Zahllose Menschen solidarisierten sich mit dem "Problembär" Bruno - aber es half nichts. Und so stehen seine sterblichen Überreste heute ausgestopft im Museum Mensch und Natur in München. Autor: Herbert Becker
Früher trugen Haustiere eher einfältige Namen: der Schäferhund wurde Rex und die Katze Muschi gerufen, das Kaninchen hieß Hoppel. Hühner hielt man gar nicht für der Mühe wert, sie persönlich anzusprechen; bestenfalls trugen sie den Sammelnamen Berta. Das hat sich mit der Rolle, die diese Tiere in unserem Leben spielen, geändert. Während Huhn, Hund und Katz früher konkrete Aufgaben zu erfüllen hatten und Hoppel irgendwann in der Bratröhre landete, gelten sie heute allesamt als Familienangehörige. Man hat - zumal in besseren Kreisen - schon von Hunden namens Mortimer gehört, ferner von Katzen, die Kleopatra heißen und dementsprechend verehrt werden.
Meister Petz und das Wildtiermanagement
Bei den wild lebenden Tieren war die Ausgangssituation eine andere, die Entwicklung ist dennoch vergleichbar. In alter Zeit sprach man vom Wolf als Meister Isegrim, vom Bären als Meister Petz und sogar der Hase durfte den Titel Meister Lampe tragen. Wolf und Bär waren Feinde des Menschen, das schon, trotzdem begegnete er ihnen, wie man heute sagen würde: auf Augenhöhe. Respekt und Hochachtung vor ihnen kamen - naturgemäß - mit ihrer Ausrottung abhanden, und jetzt, wo sie vereinzelt zurückkehren, weiß man nicht so recht, wie man mit ihnen verfahren soll. Um das Zusammenleben mit ihnen so konfliktfrei wie möglich zu gestalten, wurde das so genannte Wildtiermanagement erfunden.

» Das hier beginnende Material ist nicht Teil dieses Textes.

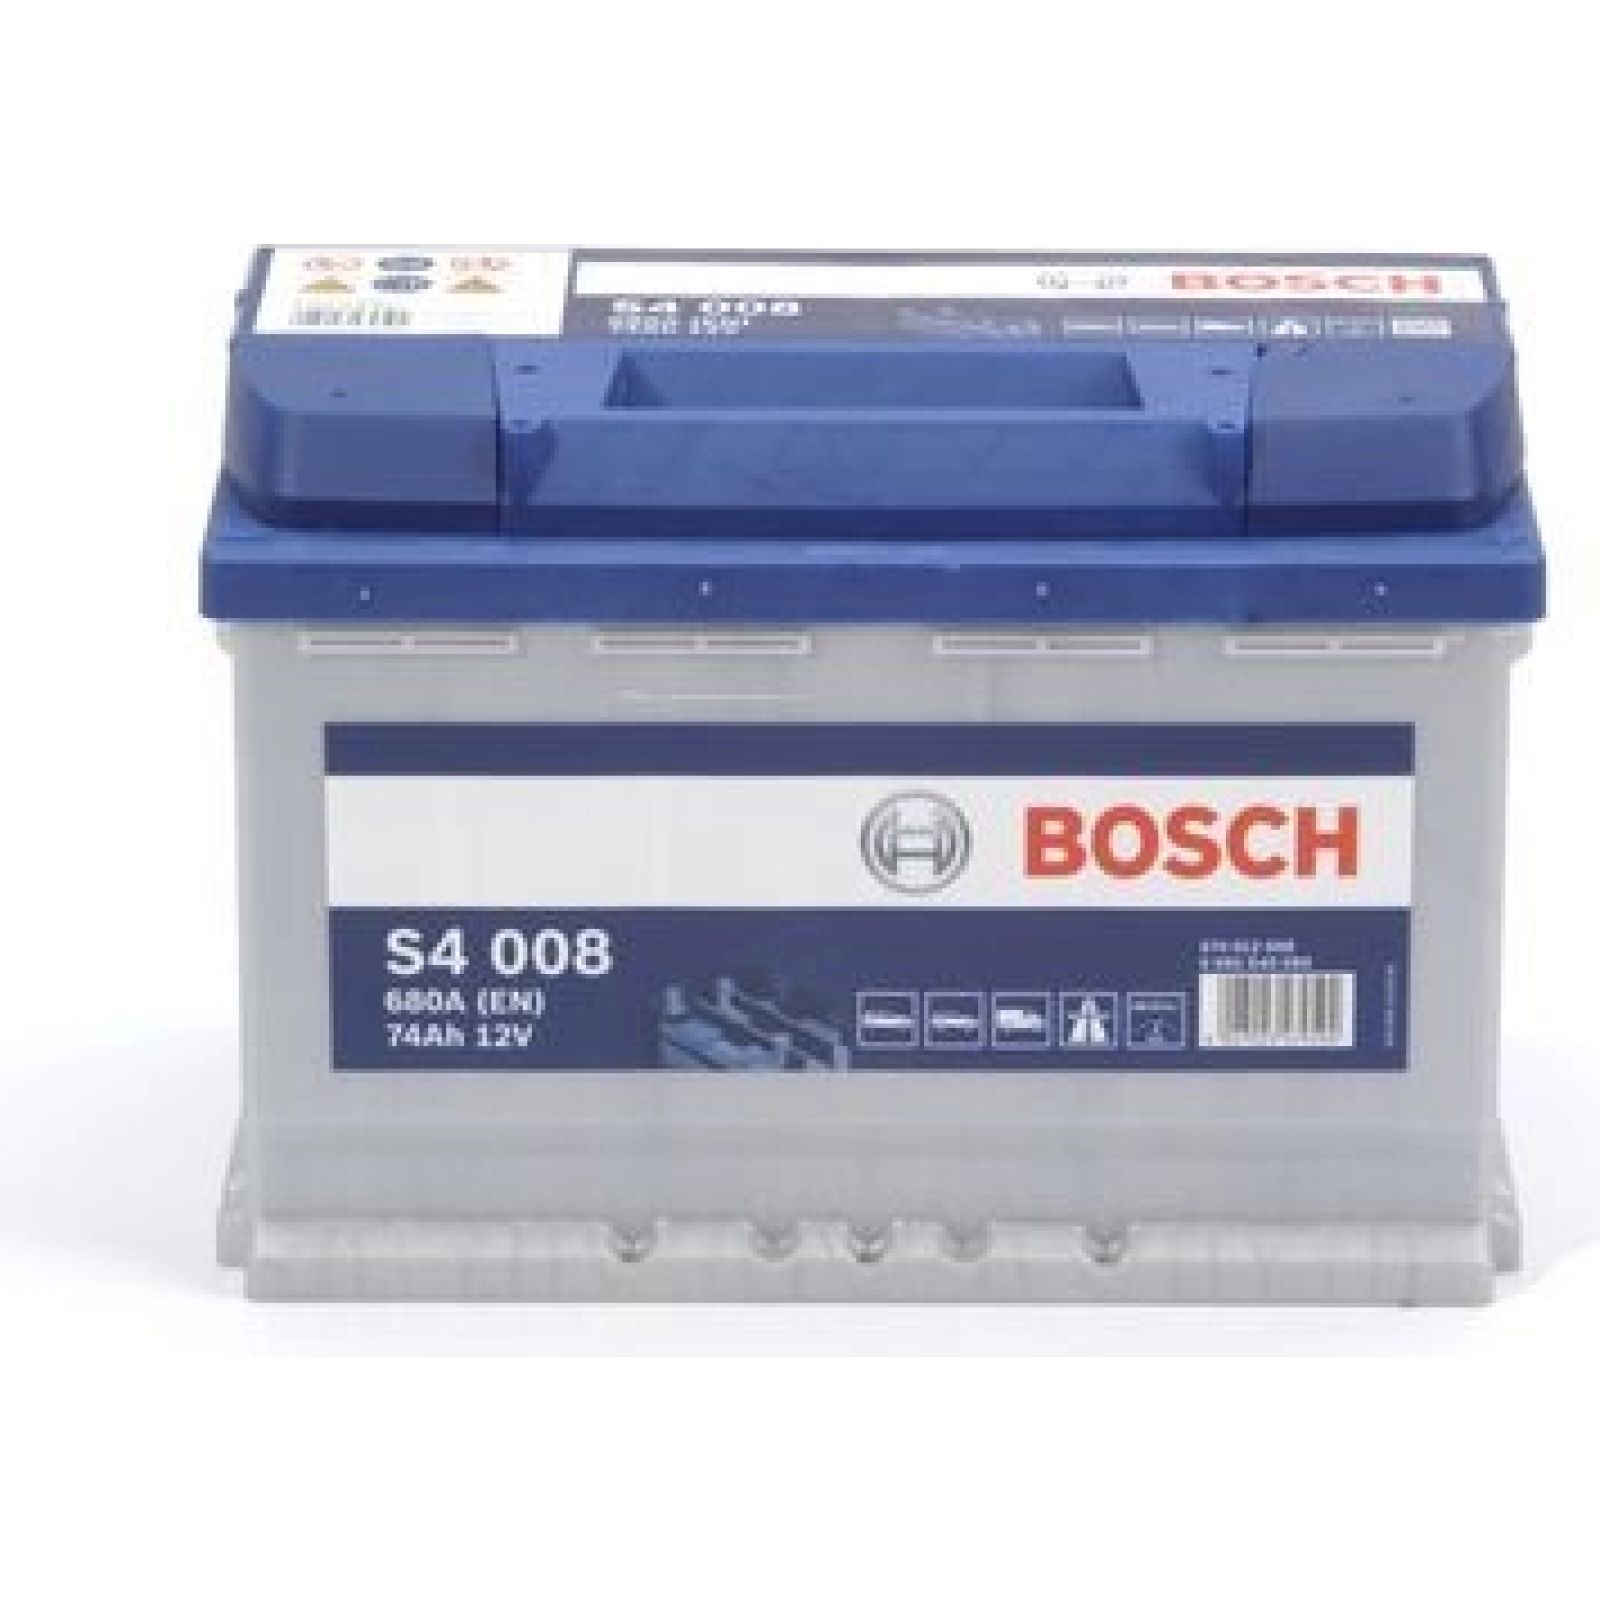 https://www.autoteile-store.at/img/product/s4-008-bosch-pkw-batterie-12v-74ah-680a-0-092-s40-080-62485/9187949ad5ced963be70a2896df15596_1600.jpg

In dessen Rahmen fallen insbesondere der Steuerungs- und Arbeitsgruppe
"Große Beutegreifer" wichtige Aufgaben zu. Die Gruppe wurde 2006 gegründet - im Dezember, und somit zu spät, als dass der Braunbär Bruno die Früchte ihres Wirkens noch hätte genießen können. Bruno war ein halbes Jahr zuvor, am
26. Juni erlegt, um nicht zu sagen: gemeuchelt worden. Als erster Braunbär seit 170 Jahren hatte er seine Tatzen auf bayerisches Territorium gesetzt; er war in Hühnerställe eingedrungen, hatte Bienenstöcke aufgebrochen, ferner Schafe und Ziegen gerissen. Daraufhin hatte ihn die Bürokratie in rascher Folge von der Kategorie Normalbär in die Kategorien Schadbär, Problembär und Risikobär umgestuft und schließlich zum Abschuss freigegeben.
Jay-Jay-One, genannt Bruno
Zurück zur Namensgebung: Die Wissenschaftler in dem italienischen Naturpark,
in dem der Bär geboren war, hatten ihn - nüchtern wie Wissenschaftler nun einmal sind - Jot-Jot-Eins genannt. Kaum, dass er ins Licht der Öffentlichkeit tappte, wurde daraus das vertraulichere Jay-Jay-One. Als er aber auf seiner Hunderte von Kilometern langen Wanderung immer größere Popularität erlangte, war ein richtiger Name fällig. "Bruno" eignete sich: Es bringt zum Ausdruck, dass er braun war, und es fängt mit B an. Wie Bär.
Bruno war großartig. Mit ihm konnte man sich identifizieren. Für ihn konnte man sich, wenn er seinen Jägern entkam, freuen. Um ihn konnte man ungehemmt trauern. Und ihm ist es zu verdanken, dass es heute neben dem Tag des Hundes, dem Welttag der Katze, dem Internationalen Tag des Hasen und - jawohl, auch das - dem Tag des Geflügels! einen Bärengedenktag gibt; zu eben diesem nämlich erklärte die "Stiftung für Bären" den 26. Juni.